La vaurienne s’était renseignée. Ou elle avait au moins une sorte d’intuition qui le mettait dans l’embarras. La petite bousculade autour de Marius Delrick il y a quelques années avait eu pour lui un objectif double : en plus de prouver sa bonne foi à ses nouveaux compagnons, capturer l’animal aurait permis de couvrir ses arrières. Dans son existence précédente, Lazare avait trempé dans nombre de bains puants, et l’odeur nauséabonde n’avait pas tardé à le rattraper. Mais rien de tout ça n’expliquait comment Haleth en savait autant. Il fallait la jouer fine, au moins aussi fine que le tranchant menaçant qui lacérait ses poils.
« Tu penses que tu vas m’avoir au bluff ? T’as rien sur moi, ma vieille.
– Je déconne pas, Lazare ! J’ai rien contre toi ou ce que t’as pu faire, mais je sais que t’en sais plus que tu dis. »
Elle pressa un peu plus le fil de sa lame contre sa gorge. Elle disait vrai, et vu son état, elle était prête à faire une connerie. Peut-être qu’elle pourrait être une alliée de circonstance ? À l’évidence, la cavalière avait un grief à l’encontre de ces requins de Delrick. Il pouvait au moins orienter son action.
« D’accord, d’accord ! Repose cette dague, que j’puisse parler confortablement…
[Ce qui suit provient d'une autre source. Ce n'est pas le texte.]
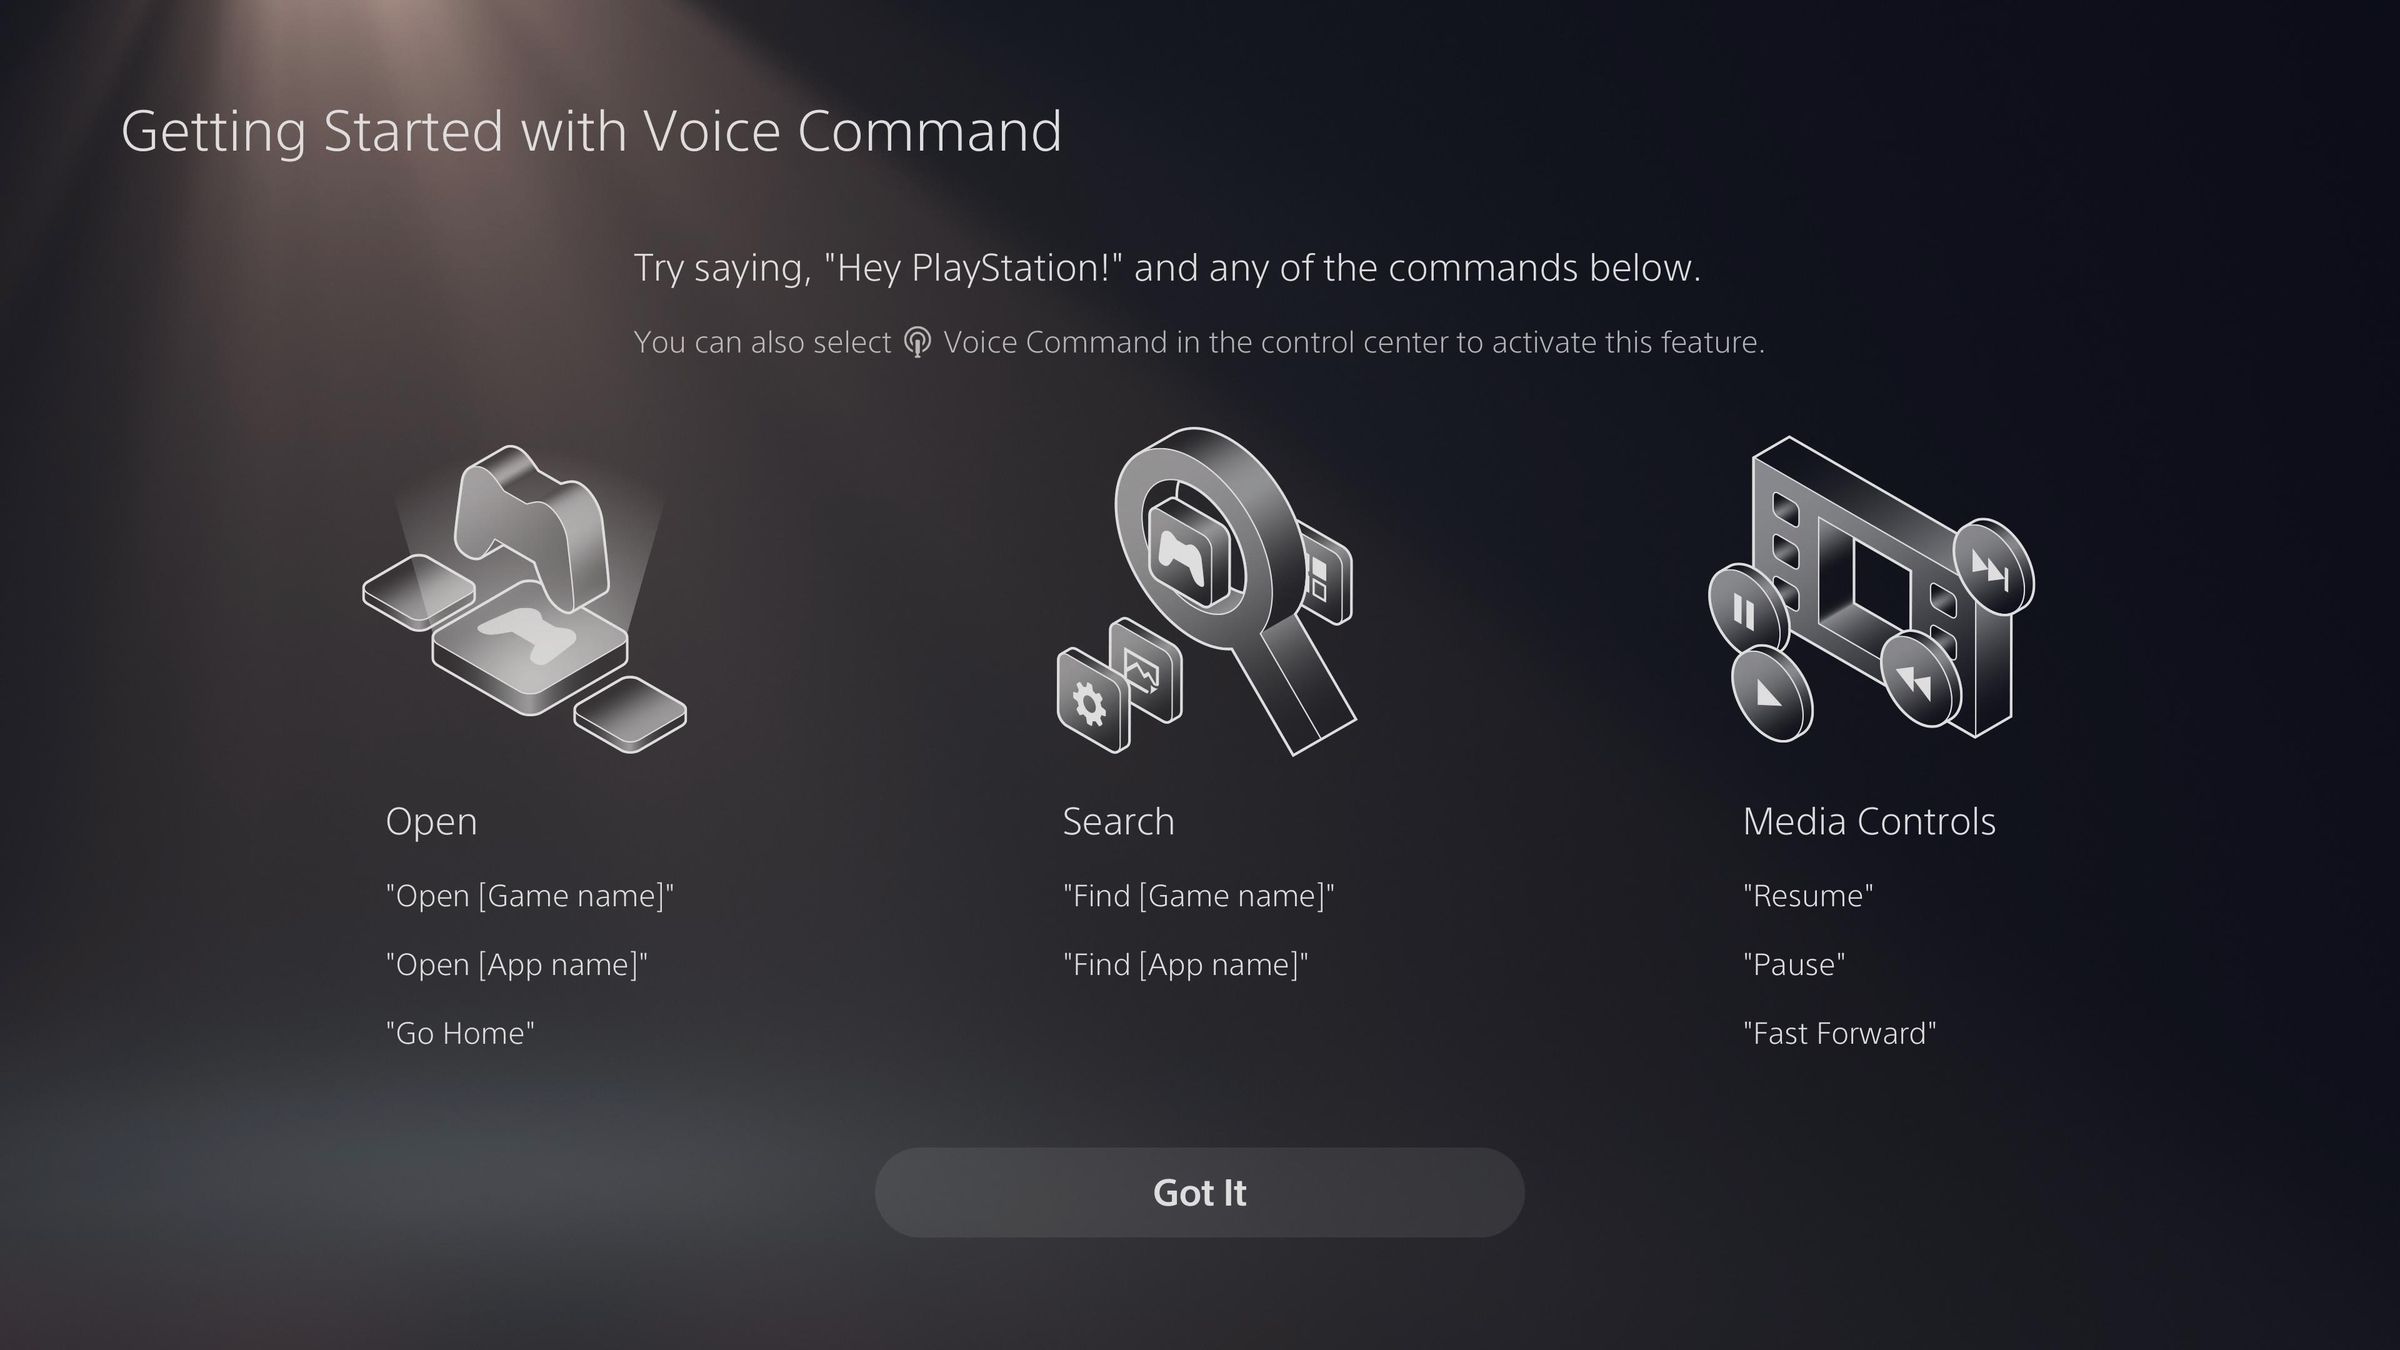 Here are some of voice commands available.
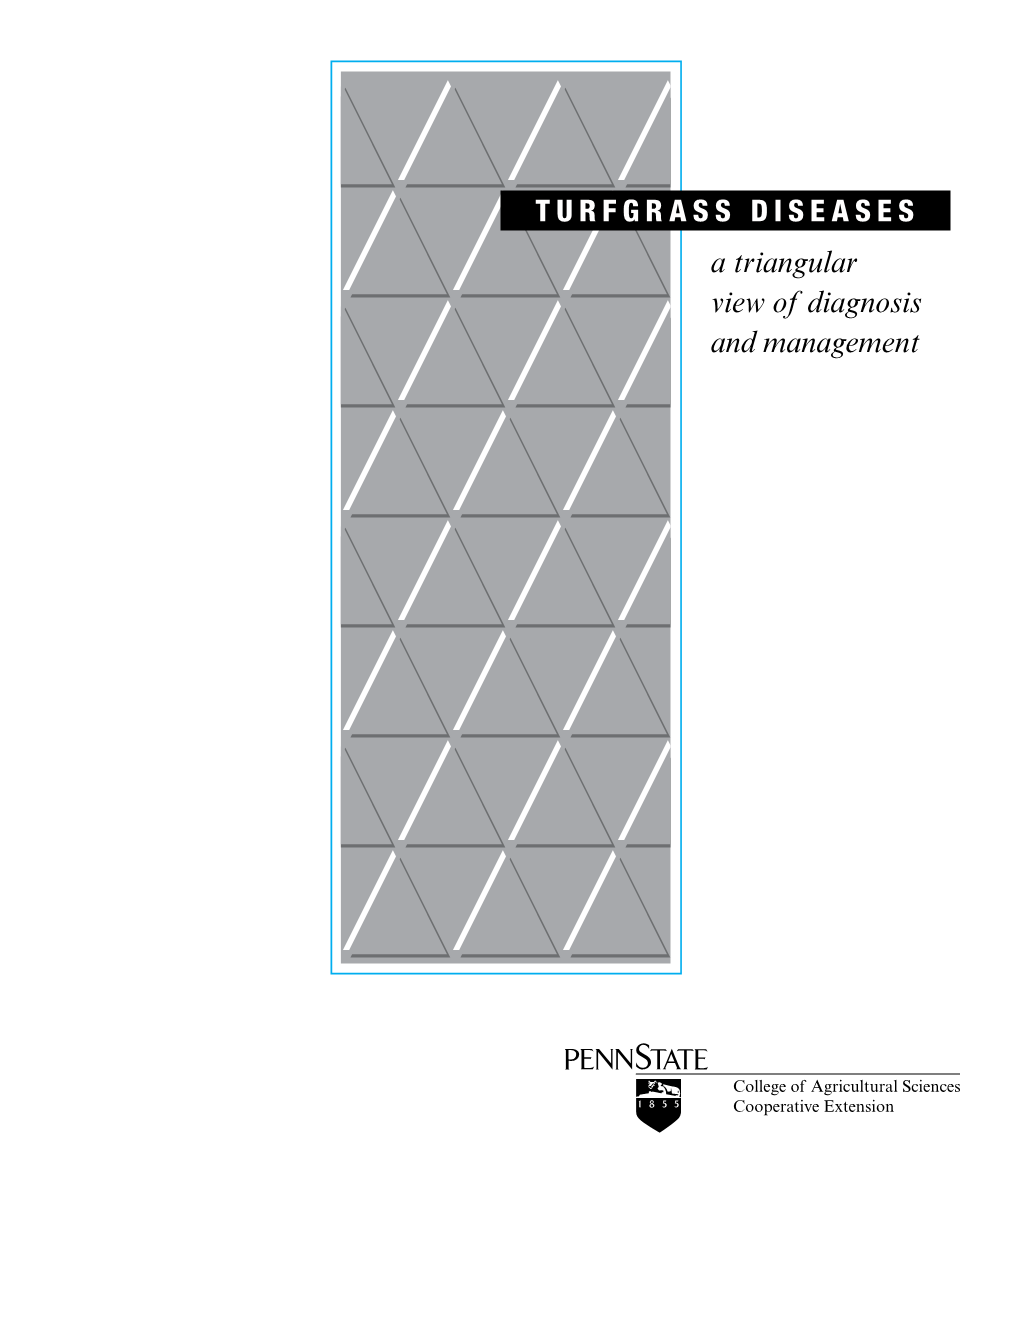 TURFGRASS DISEASES a Triangular View of Diagnosis and Management

– T’as intérêt à cracher le morceau.
– C’est bon, c’est bon… La vérité c’est qu’j’en sais pas tant qu’ça. Je sais même pas ce que ça peut bien t’faire mais je vais t’dire. Depuis qu’on a perdu la trace de Marius j’ai pas grand chose. J’aurais bien aimé lui fout’ le grappin d’ssus moi même, mais on s’est foirés bien finement et maintenant, disparu le bossu ! Mais y a une piste, une que j’peux pas remonter de mon chef… J’ai vaguement bossé pour les Delrick y’a longtemps. Pas en direct, hein, via des intermédiaires. Notamment un type, un receleur chez qui je livrais de la marchandise, Albeck son nom. Un vaurien dans un village un peu plus au sud, Bergsburg. L’était là d’puis un moment, il a pas trop dû bouger d’puis. J’sais pas c’qu’il t’diras, mais il connaissait des gens, des réseaux. Peut-être qu’il pourra t’en dire plus. »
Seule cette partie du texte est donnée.